What Science Hopes to Learn From a Baby’s Cries

What Science Hopes to Learn From a Baby’s Cries

Sumatha Reddy wrote that “subtle differences in infant wailing can provide important clues to later developmental and neurological conditions, such as poor language acquisition” on August 26, 2013 for the Wall Street Journal’s health section.  Her statement sums up the importance of observing a baby’s behavior right from the start of life, being tuned into an infant’s communication, which happens by way of spending quality time for extended periods of time with an infant (i.e., it can’t happen if you only interact with an infant a few moments a day), and knowing how to identify problems if and when they occur in order to start treatment earlier.

Reddy tells readers:

Researchers at Brown University and Women & Infants Hospital in Providence have devised a computer program to help analyze a baby’s cries. They hope to soon make it available to researchers world-wide looking to analyze crying patterns that can’t always be detected by the human ear.

 

Because a cry is controlled by cranial nerves, it can be a window into the brain. While researchers haven’t reached the stage where they can link cry characteristics with specific conditions, they’ve found that, on a group level, an infant’s nervous system and therefore cry can be affected by prenatal exposure to alcohol, birth injuries, and even related to later diagnoses of autism.

Reddy informs us that Philip Sanford Zeskind, director of neurodevelopmental research at Carolinas HealthCare System’s Levine Children’s Hospital in Charlotte, N.C., said analyzing a baby’s cry is especially pertinent during the first two to three months before a baby picks up on social cues (ie: cry and mommy will come running).  She reminds us that “a cry can communicate information on how a baby gets aroused and how much sensory stimulation affects him.”  Pitch variability, time between cries, and how long they last can all be measured by a computer that analyzes a cry in various ways.  

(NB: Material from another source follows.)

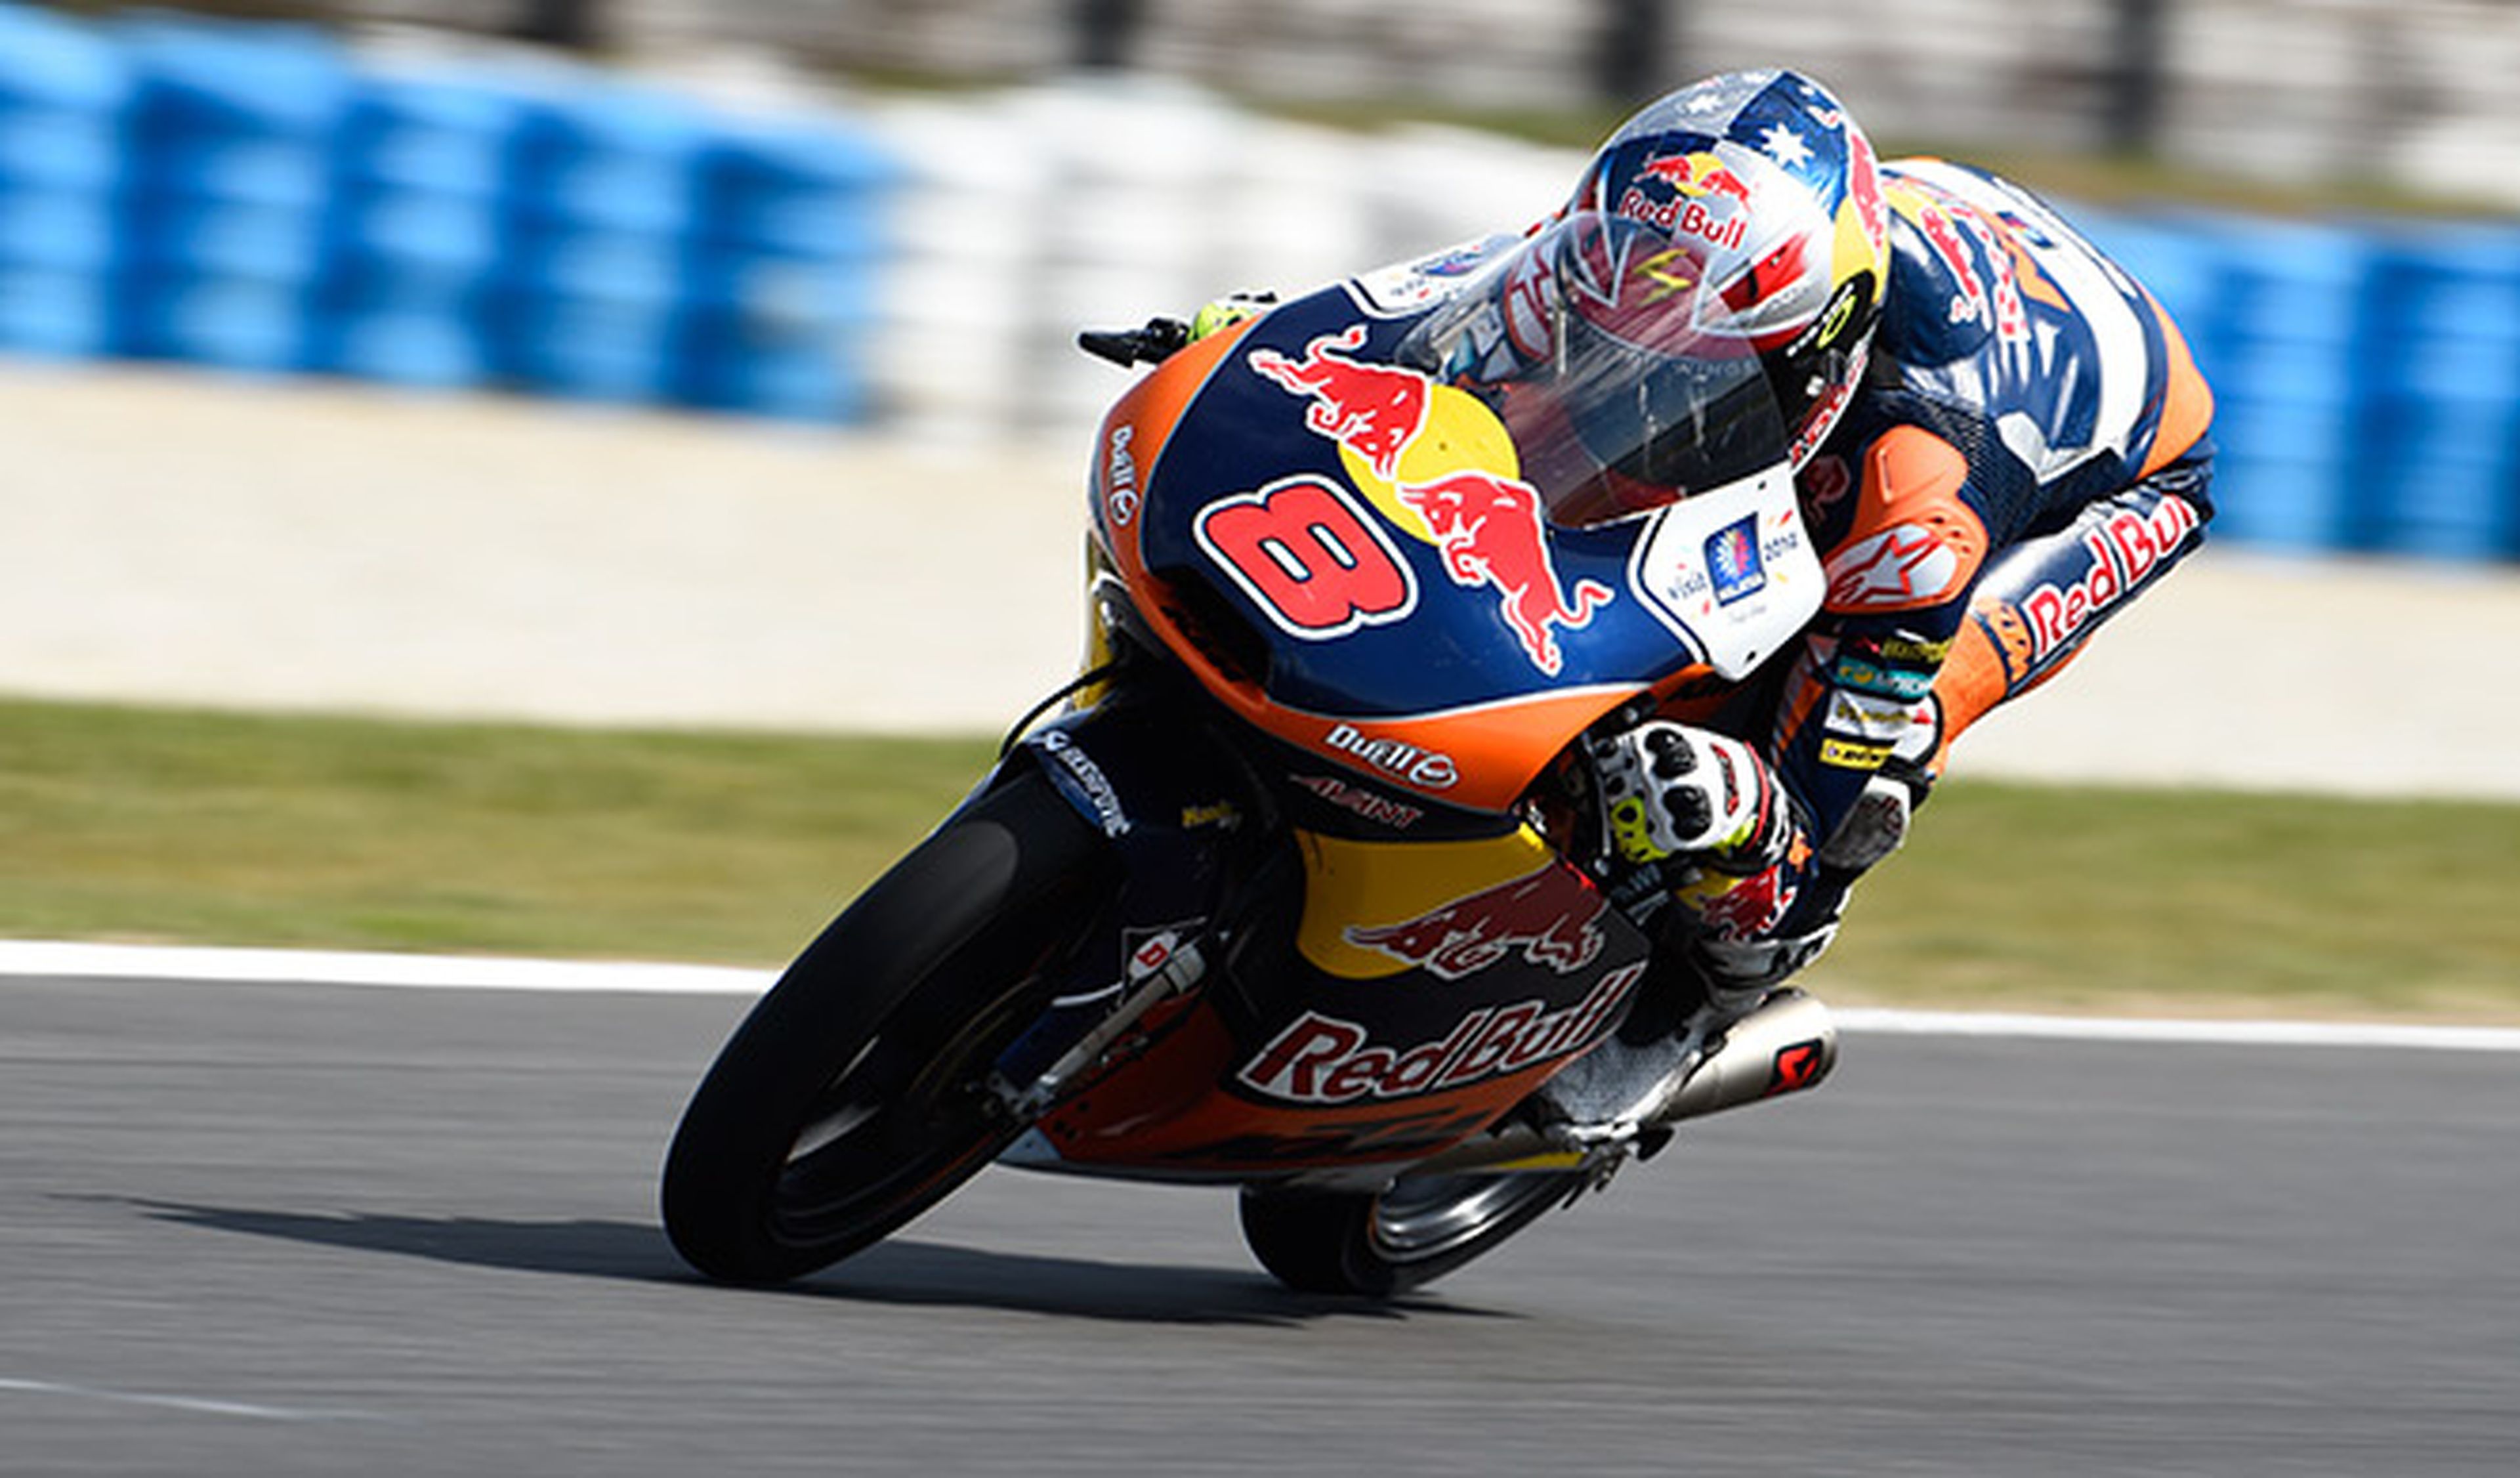 Clasificación Moto3 GP Malasia 2014: Miller mete presión

I would close here in saying that a parent or caregiver does not need a computer or a series of computations to learn to “read” a baby’s cries.  I learned to do it to a great level of success with each of my five children.  Many authors, pediatricians, websites and child development experts encourage parents and caregivers to take the time to recognize a baby’s different cries for such needs as hunger, pain, wanting to be held, or wanting less/more stimulation, telling us that we can pay attention to pauses in the cries or how loud the cry is.  The computerized version of analyzing a baby’s cry will certainly be extremely useful in hospital settings in order for health care professionals to determine if there is something wrong with a baby’s nervous system for something as serious as autism, brain injury or fetal alcohol syndrome.  But, for the bulk of us, we can continue to pay close attention to a baby’s cry by spending plenty of time with him in order to build his communication skills, social-emotional skills, as well as his trust, attachment and bonding abilities.